Some contend Paul is referring to his canonical letter to the Ephesians. However, the epistle to the Ephesians was most likely written after Colossians. I suppose someone could argue that Paul wrote Colossians 4:16 in view of his intent to write a more general epistle to the church at Ephesus, but this seems a bit far-fetched.

Another theory is that it was Paul’s letter to Philemon, but this was a distinctly personal and private letter. Also, Philemon lived in Colossae, not Laodicea. I’m persuaded that Paul is referring to a letter that he himself wrote to the Laodiceans, one that obviously did not survive for inclusion in the canon of Scripture. We don’t know what happened to it, but it’s possible that it was destroyed in the massive earthquake that hit the region in 61 a.d. But that’s only speculation.

You shouldn’t be bothered by this, given the fact that Paul most likely wrote four (!) letters to the Corinthian church, only two of which are included in our canon (see 1 Corinthians 5:9-11, a reference to the letter written in 54 a.d., now lost; and 2 Corinthians 2:4,9, a reference to the letter written in the summer of 55 a.d., often called the “severe” or “tearful” letter, also now lost).

We have no idea why God chose not to preserve these and other apostolic writings for the church of subsequent generations. Evidently once they served their divinely designed function for the early church, God sovereignly arranged for their disappearance or destruction. In his infinite and gracious wisdom he determined that the content of those epistles was not essential for the life and faith of the church beyond the first century. Ultimately we must trust in divine providence and believe that God has preserved for us everything that is necessary for a life of truth and godliness.
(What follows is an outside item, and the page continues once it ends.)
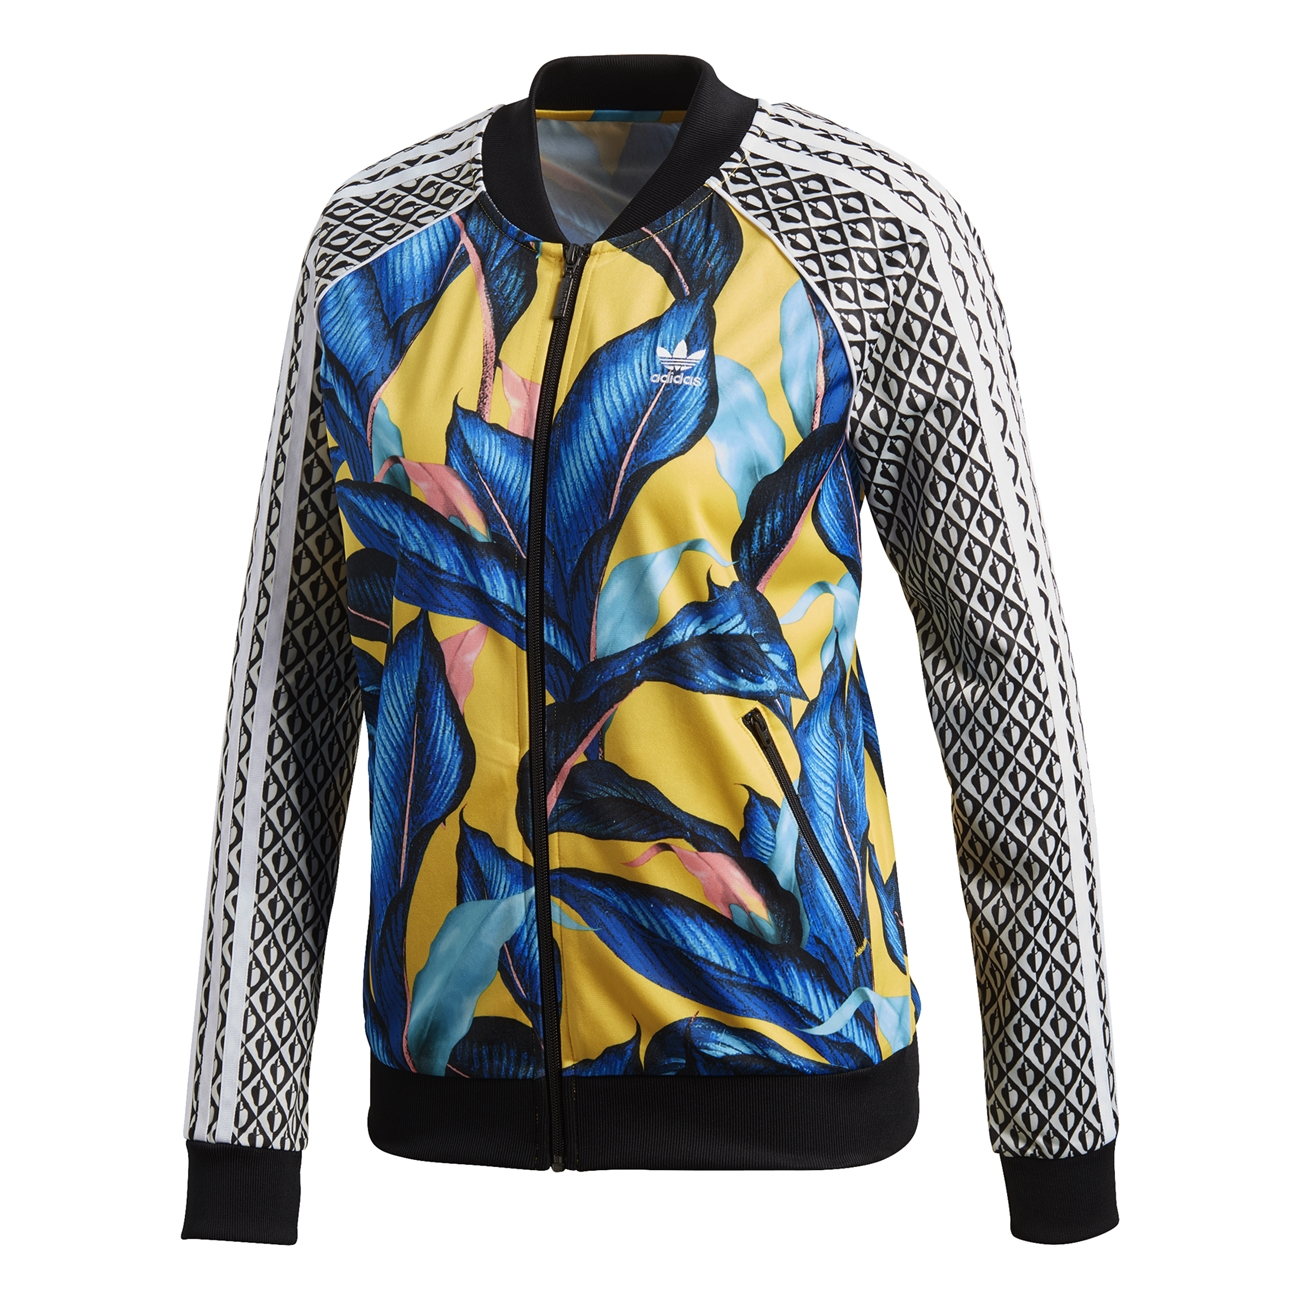 Originals Tropical multicol Jacket Adidas W Sst Track Passinho AZdgwfRqn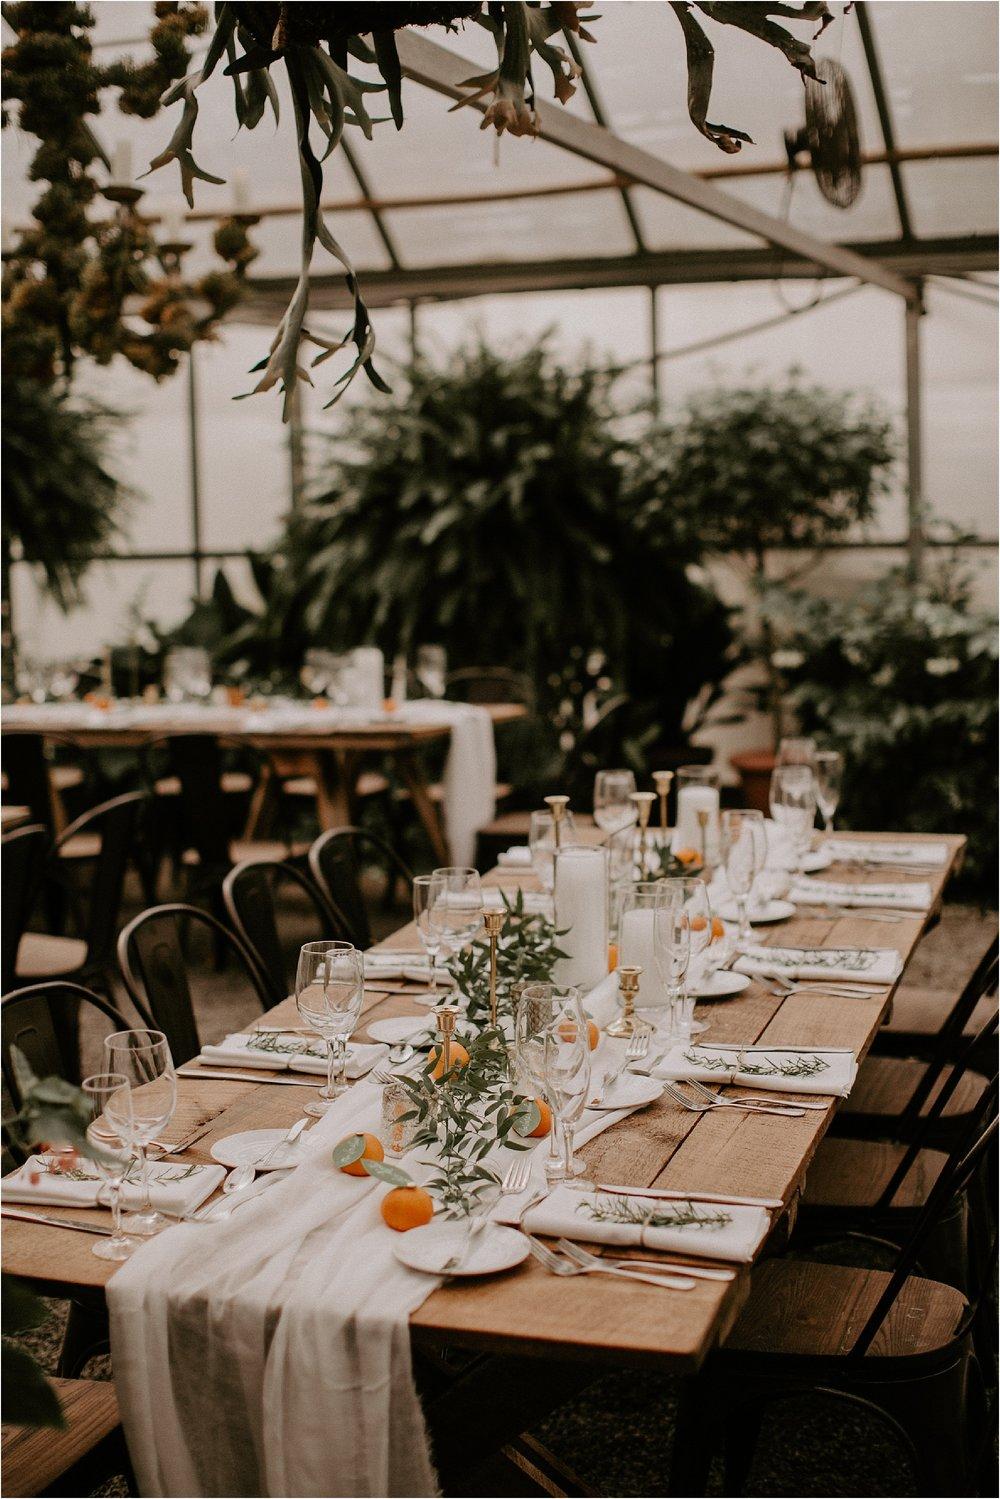 Sarah_Brookhart_Hortulus_Farm_Garden_and_Nursey_Wedding_Photographer_0058.jpg

In any case, it may well be that Laodicea’s multiplied failures were regarded by our Lord as all the more egregious because of the remarkable opportunities she had. With much revelation comes much responsibility. To whom much is given, much is required.

I suppose the residents in that unusual city were, in certain respects, proud of what they had accomplished. But in regard to that which matters most, Laodicea was a disgrace. We would do well to listen carefully to what the Spirit said to this particular church!